The market appears to be getting a warm welcome from its new neighbors, the Lexington History Museum in the old Fayette County Courthouse, and businesses on Cheapside Street.

"We are looking forward to these new neighbors," said Jamie Millard, who is president and chief executive of the Lexington History Museum. "We think the museum and the market can co-exist and compliment each other. ... We see absolutely no negative outcomes whatsoever."

Krissy Fraser, an owner of Courtyard Deli, said she was "ecstatic" about the Farmers Market moving into Cheapside Park, across the street from the deli.

Since 1992, when she and her husband David opened, the deli has served lunch only on weekdays. But with high expectations for crowds the market will attract, the Frasers have decided to open and "be more of a grocery store on Saturdays," Krissy said. The deli will sell quarts of soup that people can take home and reheat, and things such as chicken salad by the pound.

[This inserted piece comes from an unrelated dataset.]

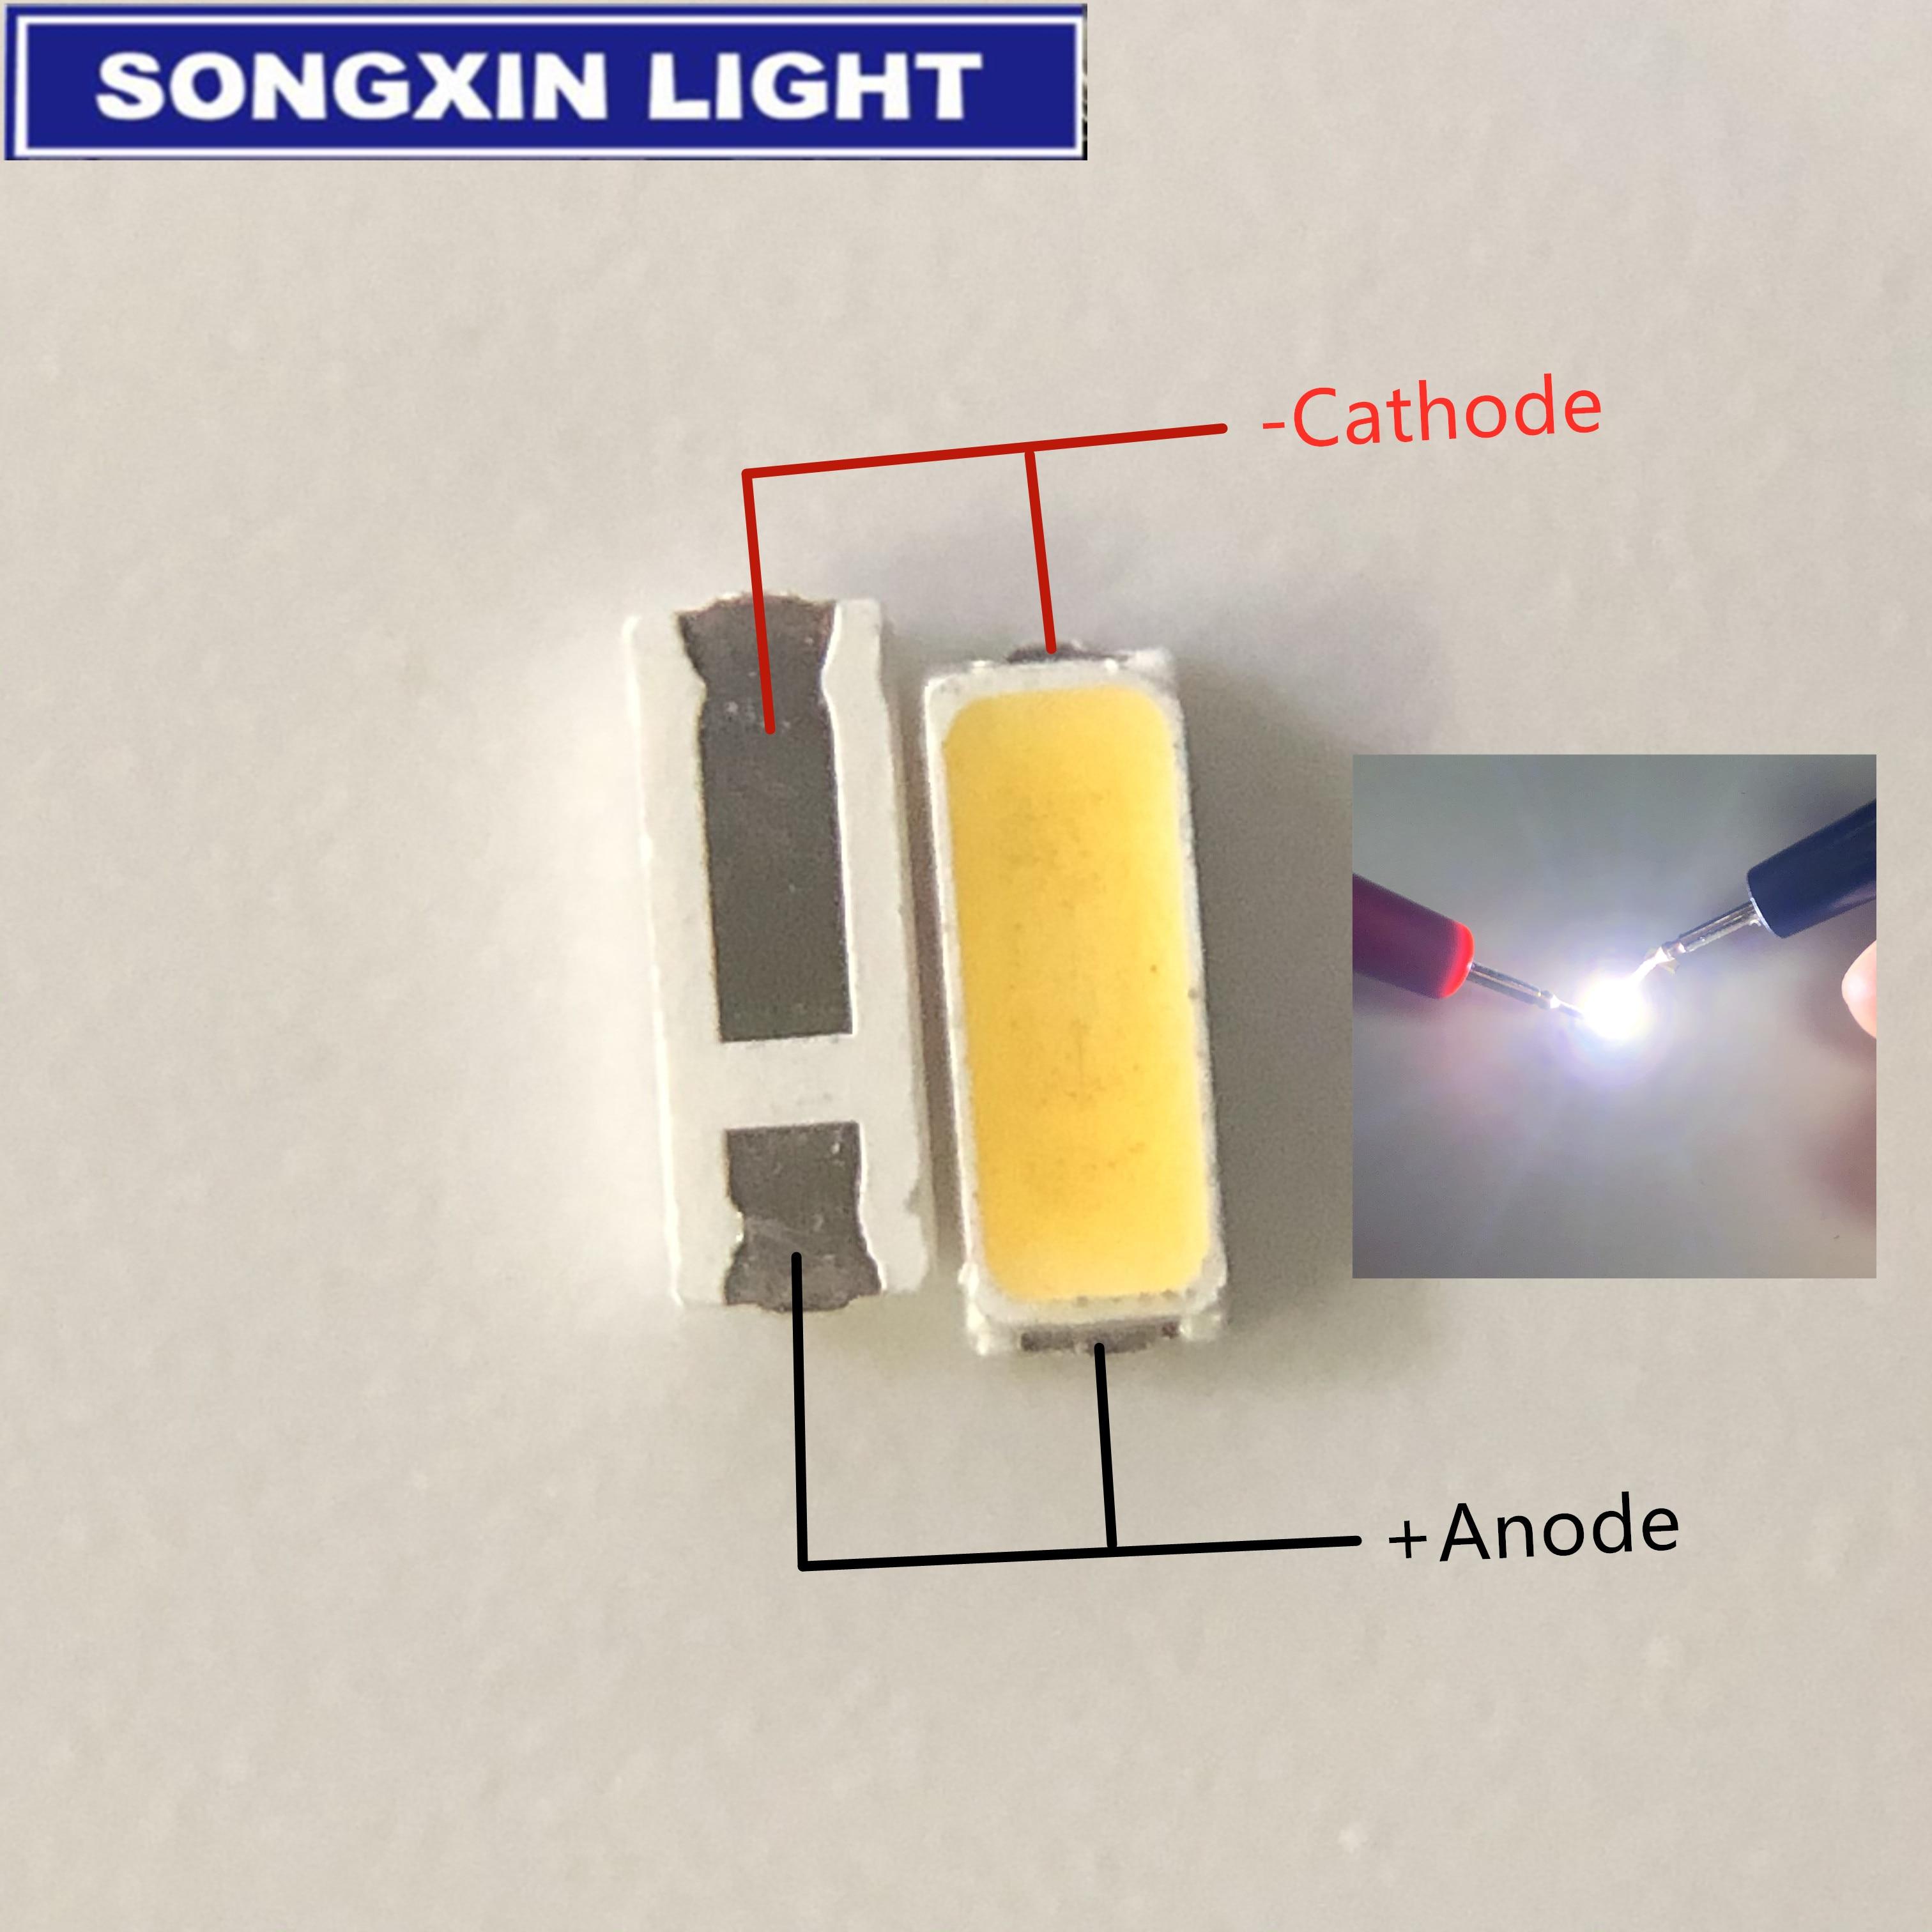 500 шт. светодиодный светильник JUFEI LED подсветка 0,3 Вт 3В 4014 холодный белый 90ма ЖК Подсветка для ТВ приложения 01.JT. CB414BF-BC
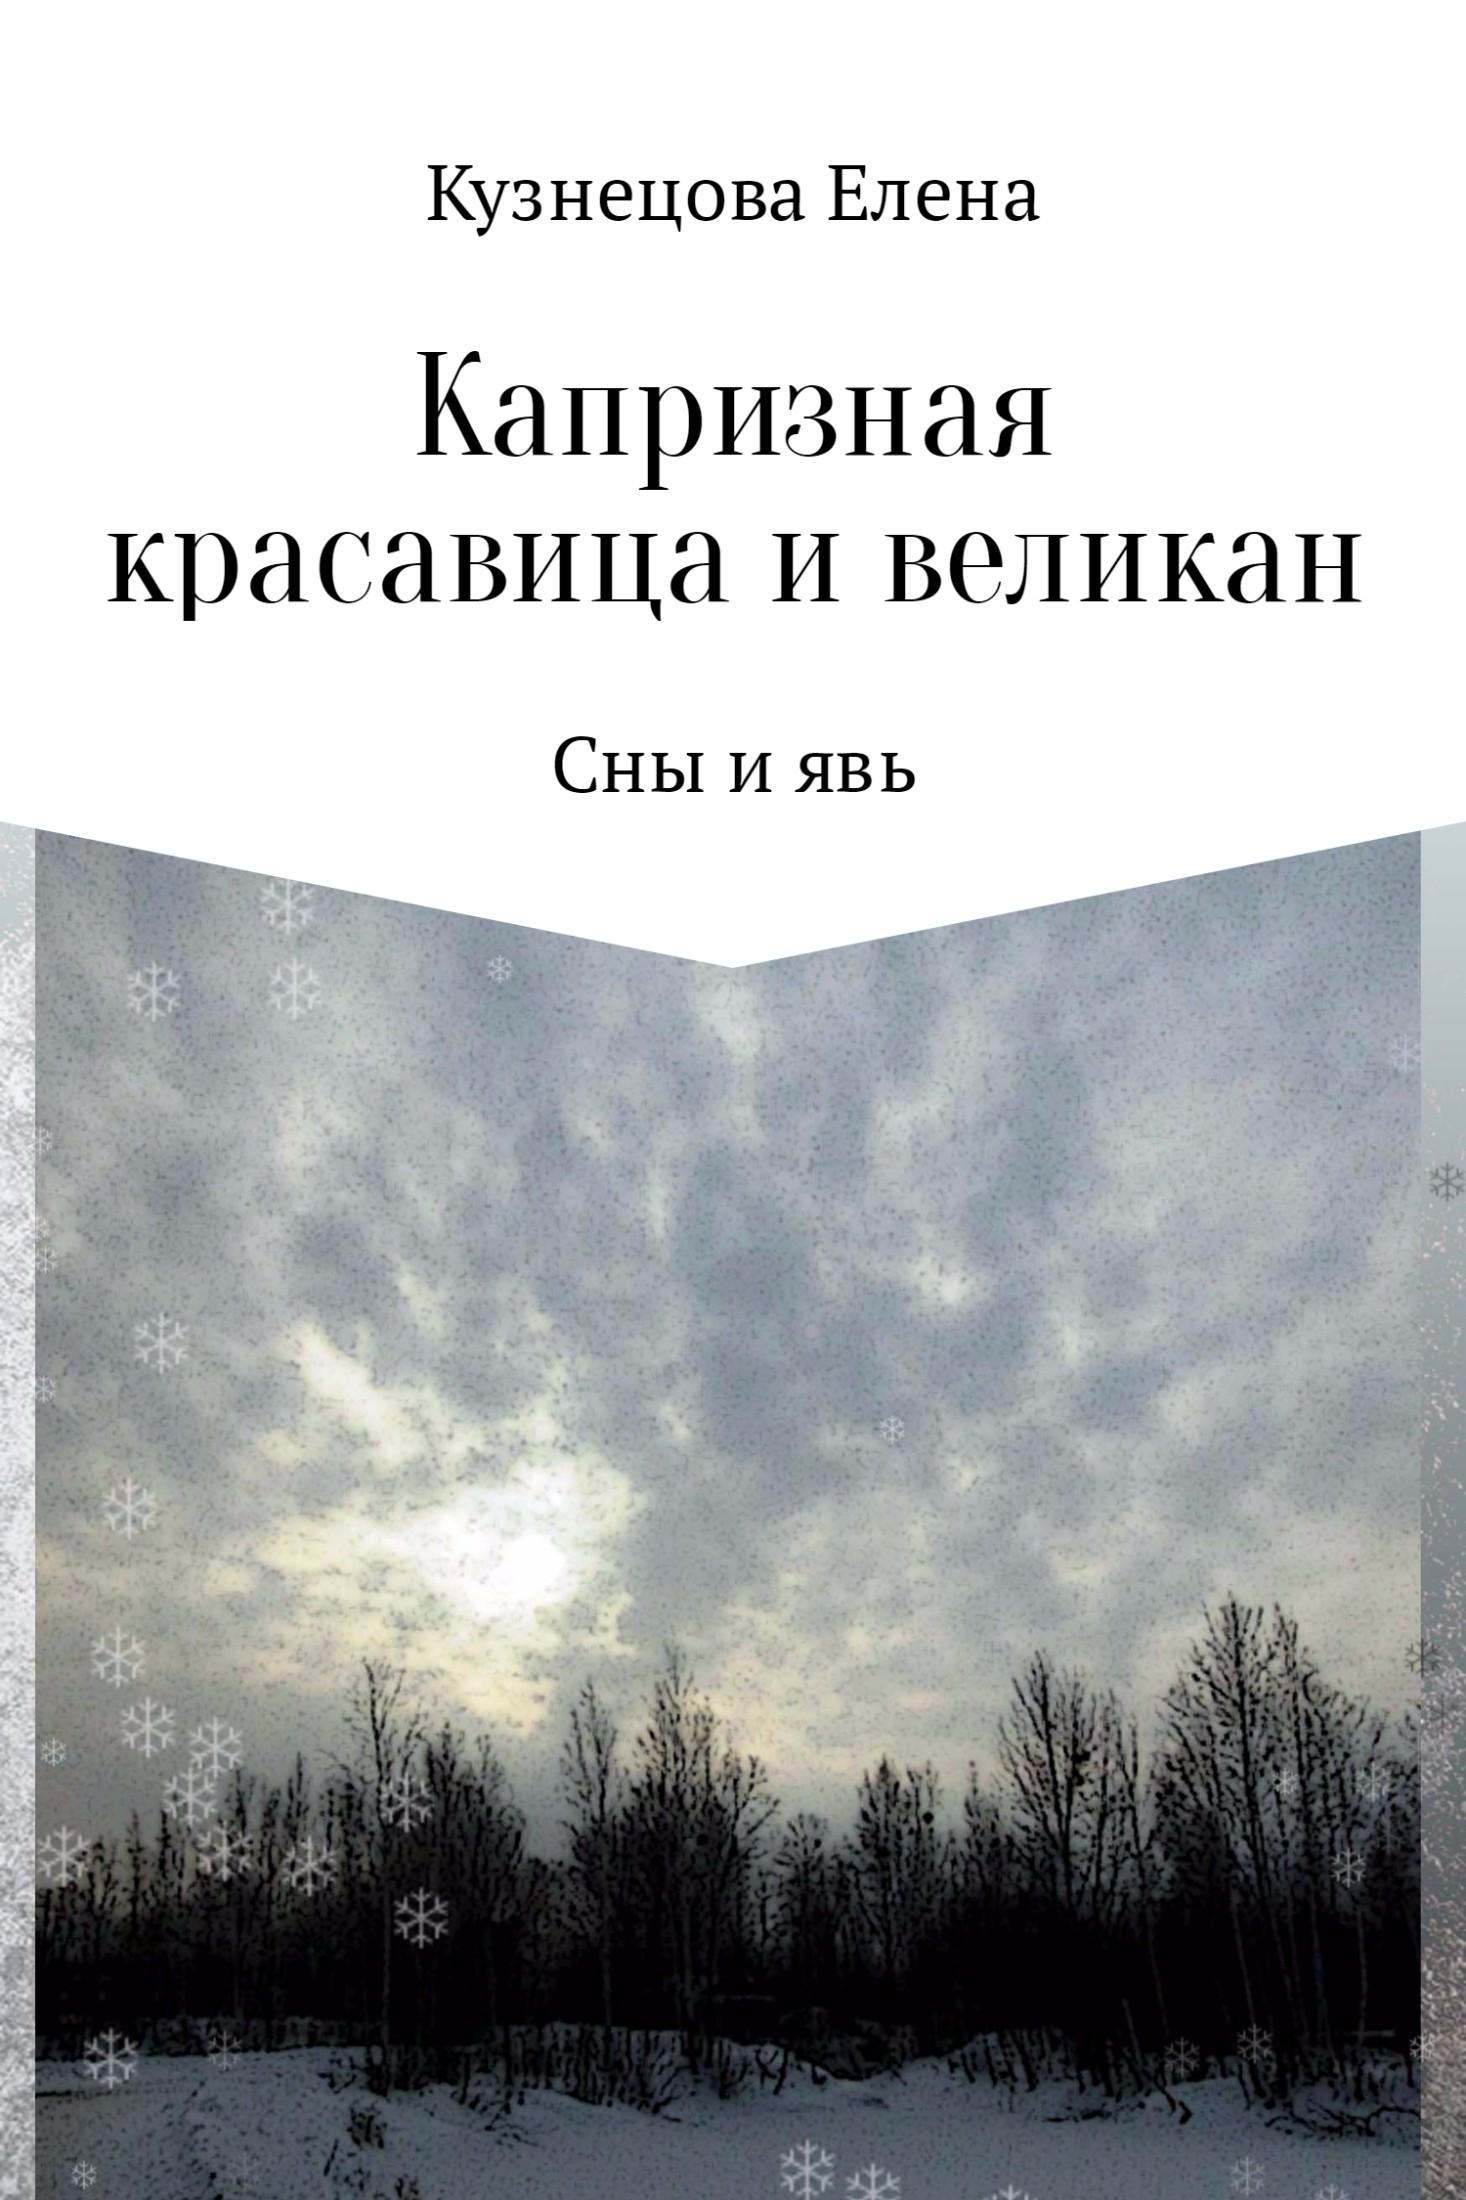 Елена Алексеевна Кузнецова бесплатно

The Saturday market had to find a new home after the block on Vine Street where it set up for years was cleared last summer in preparation for construction of the CentrePointe high rise project.

On Tuesdays and Thursdays, the market shifts to a vacant lot at the corner of South Broadway and Maxwell Street.

For safety and to give the farmers room to pull in their trucks and set up tents, farmers want both lanes of Short Street closed between Mill and Upper on Saturday during market hours. "Vine Street had problems. I was always afraid somebody would be hit by a car or trip on the sidewalks and hurt themselves," said Charlie Henricks, a Farmers Market board member.

Dabbelt said Cheapside Park offered advantages to customers and farmers, including the use of restrooms in the history museum and having hot water available in those bathrooms for hand-washing. There's also an outside water spigot. "We haven't talked to the museum people yet, but we hope for a cooperative arrangement," he said.

On Vine Street, the market had only portable toilets. There was no running water on site.

Other advantages are the number of surface parking lots nearby and the amount of street parking, plus the garage in the nearby Financial Center, which has allowed free parking for market patrons.

Harold Tate, executive director of the Downtown Development Authority, said the market will be treated as a special event, so streets can be closed by the mayor's office each Saturday between April and the first week of December.